* _Work item_
Only the lines below from the one containing "Gekkan Web Otoko no Ko-llection! S Vol. 38 4" through the one containing "virtual conference main screen" belong in the answer, repeated exactly and without pictures.

* _Supplied data_
· · ·

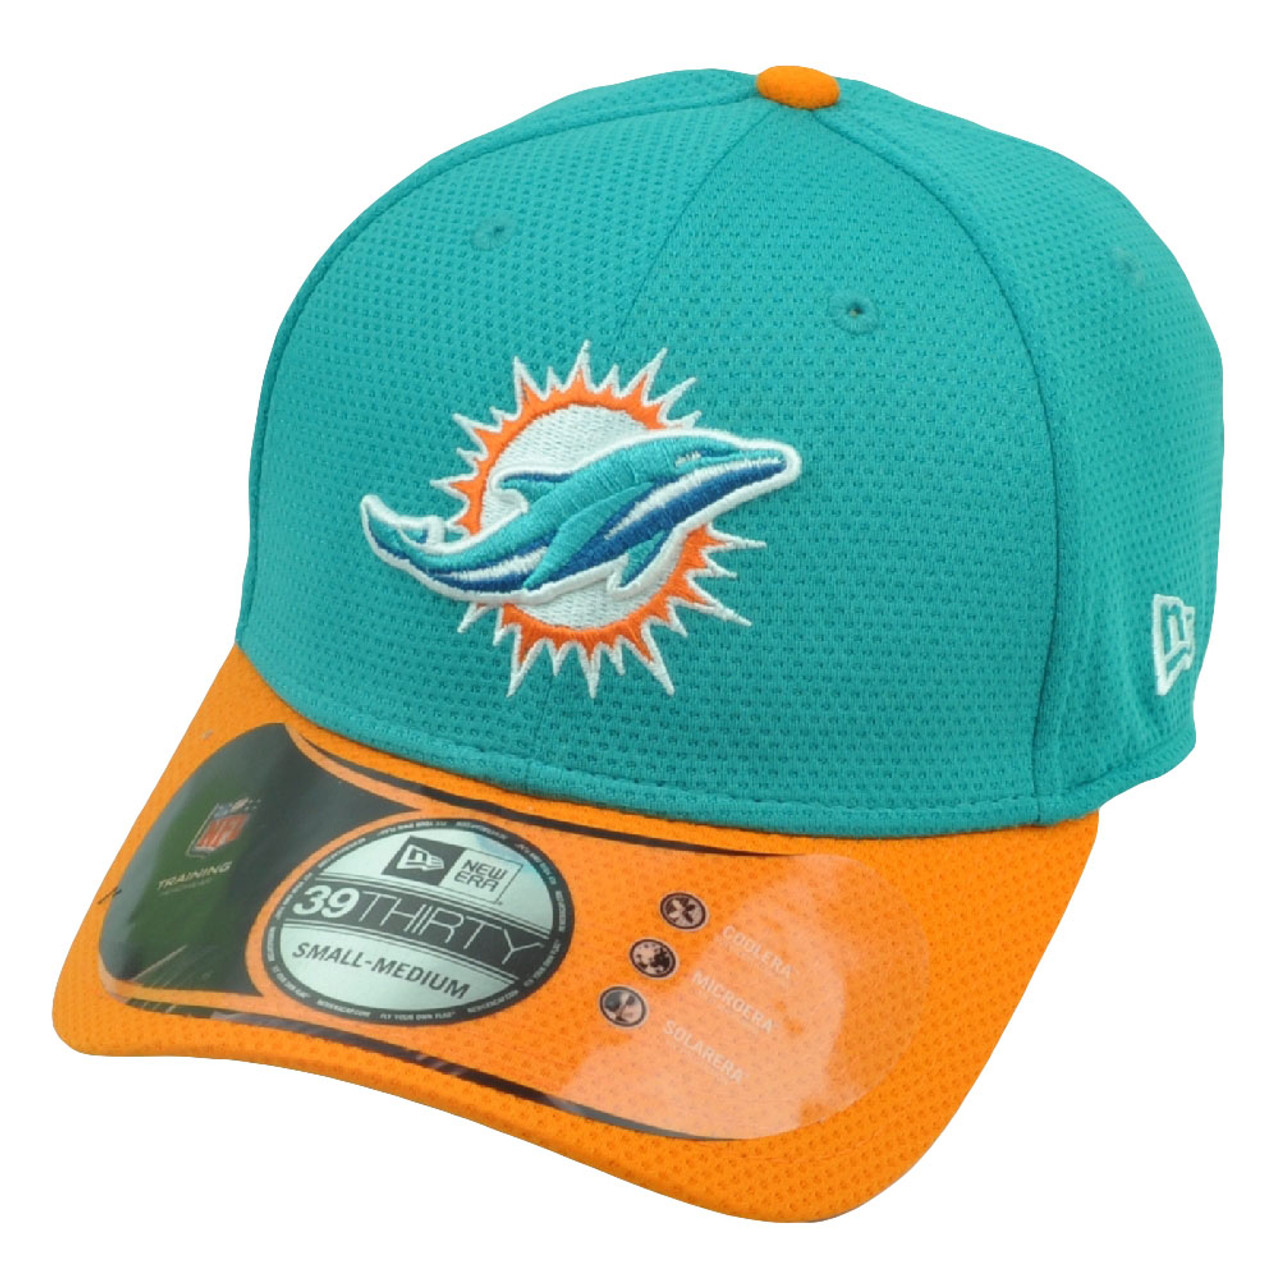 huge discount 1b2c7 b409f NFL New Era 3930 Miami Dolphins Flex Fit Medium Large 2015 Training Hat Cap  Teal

· · ·

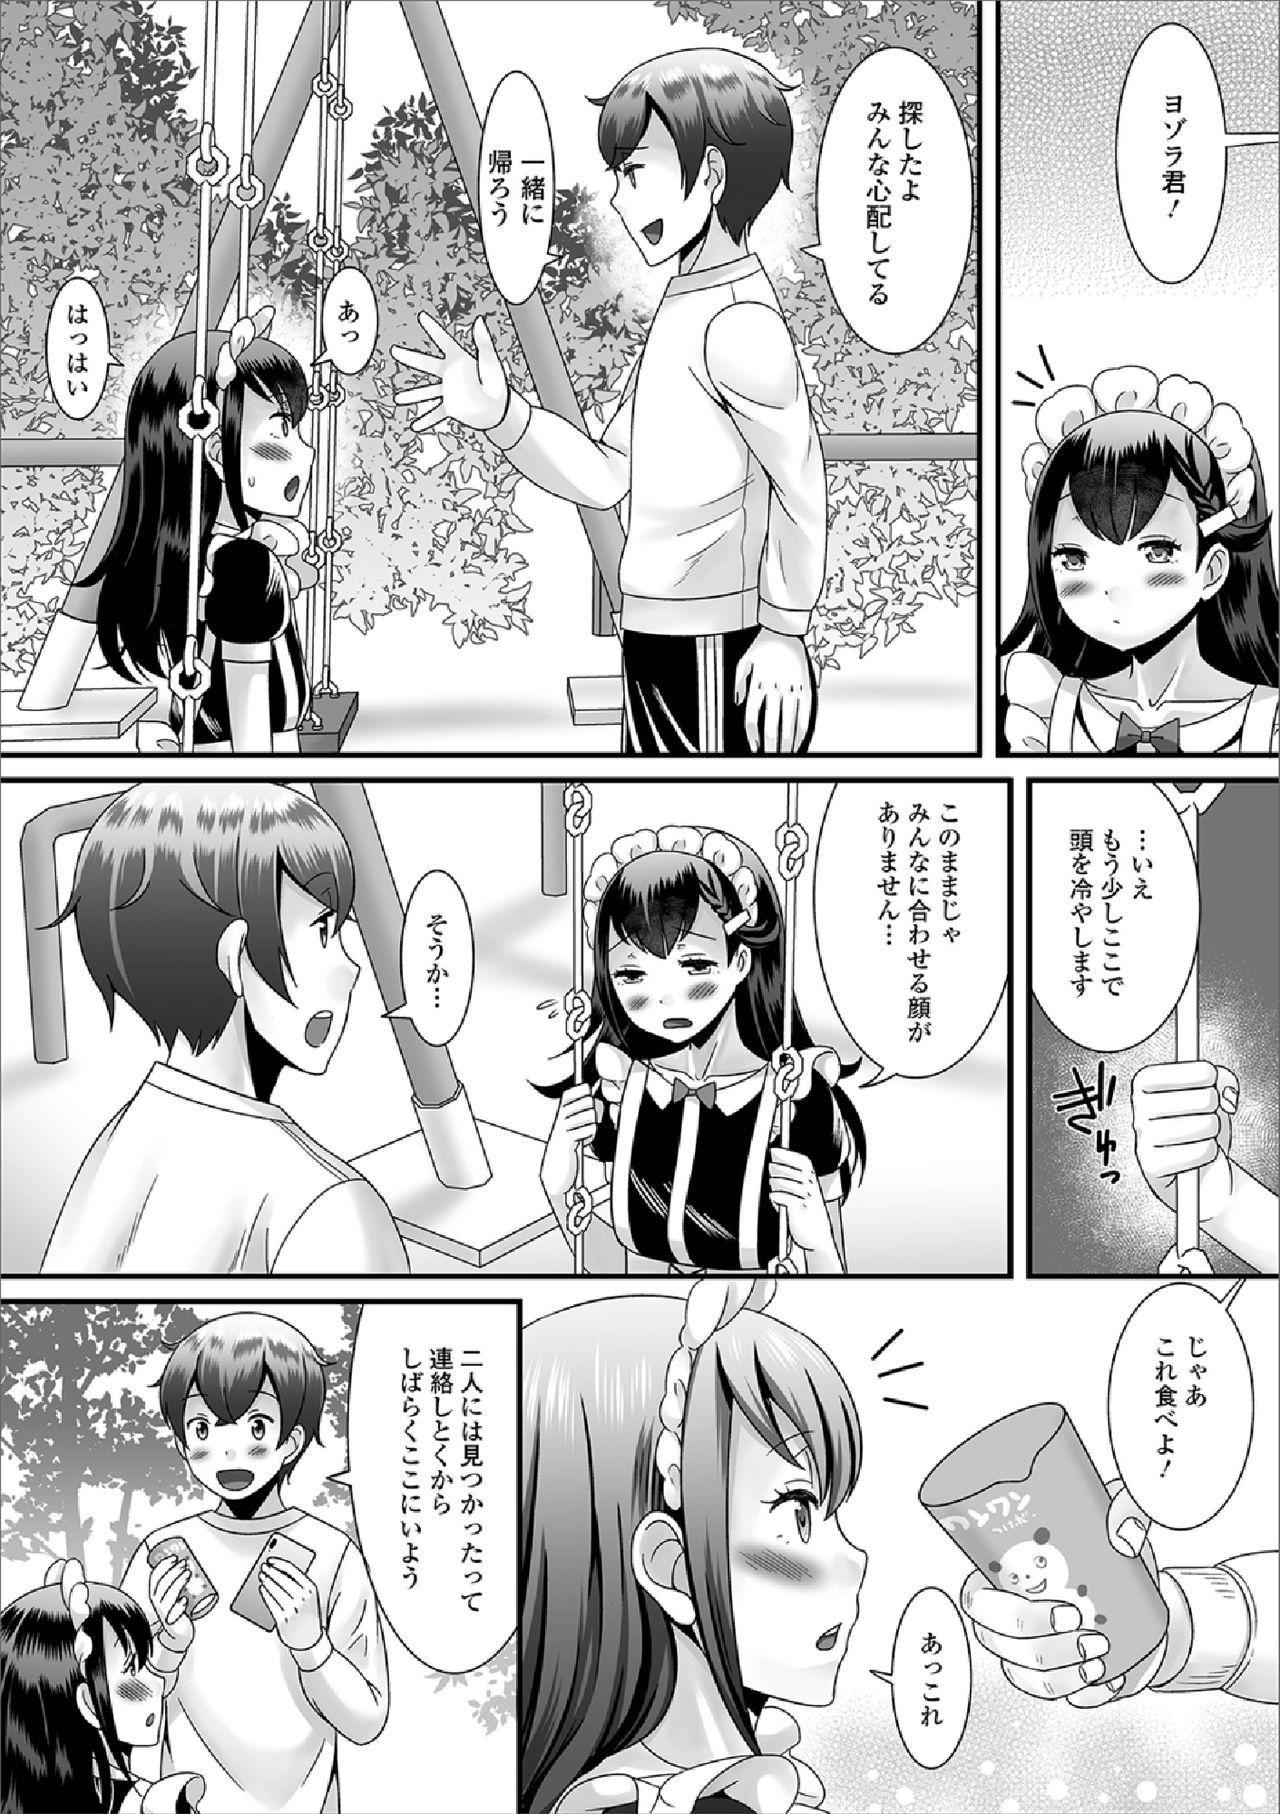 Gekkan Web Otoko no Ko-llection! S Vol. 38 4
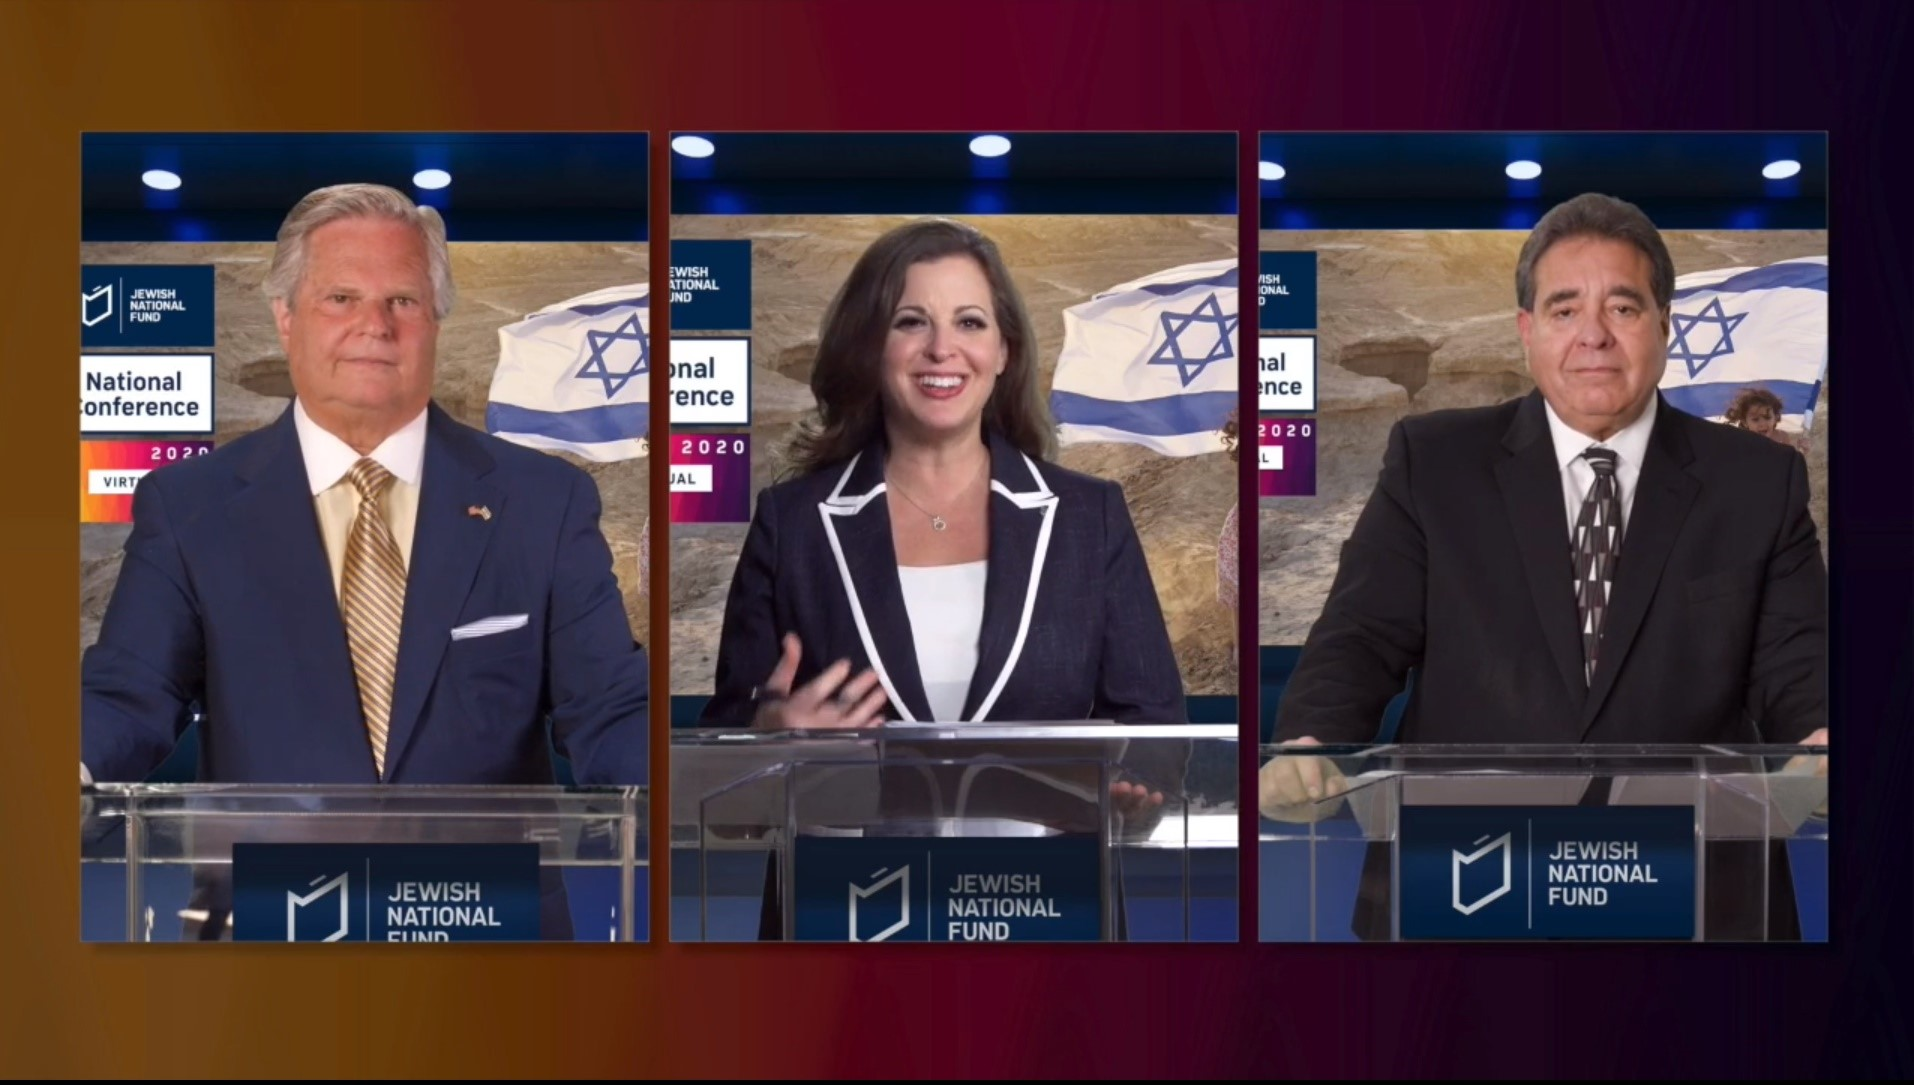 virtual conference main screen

· · ·

* _Answer area_
 Gekkan Web Otoko no Ko-llection! S Vol. 38 4
 virtual conference main screen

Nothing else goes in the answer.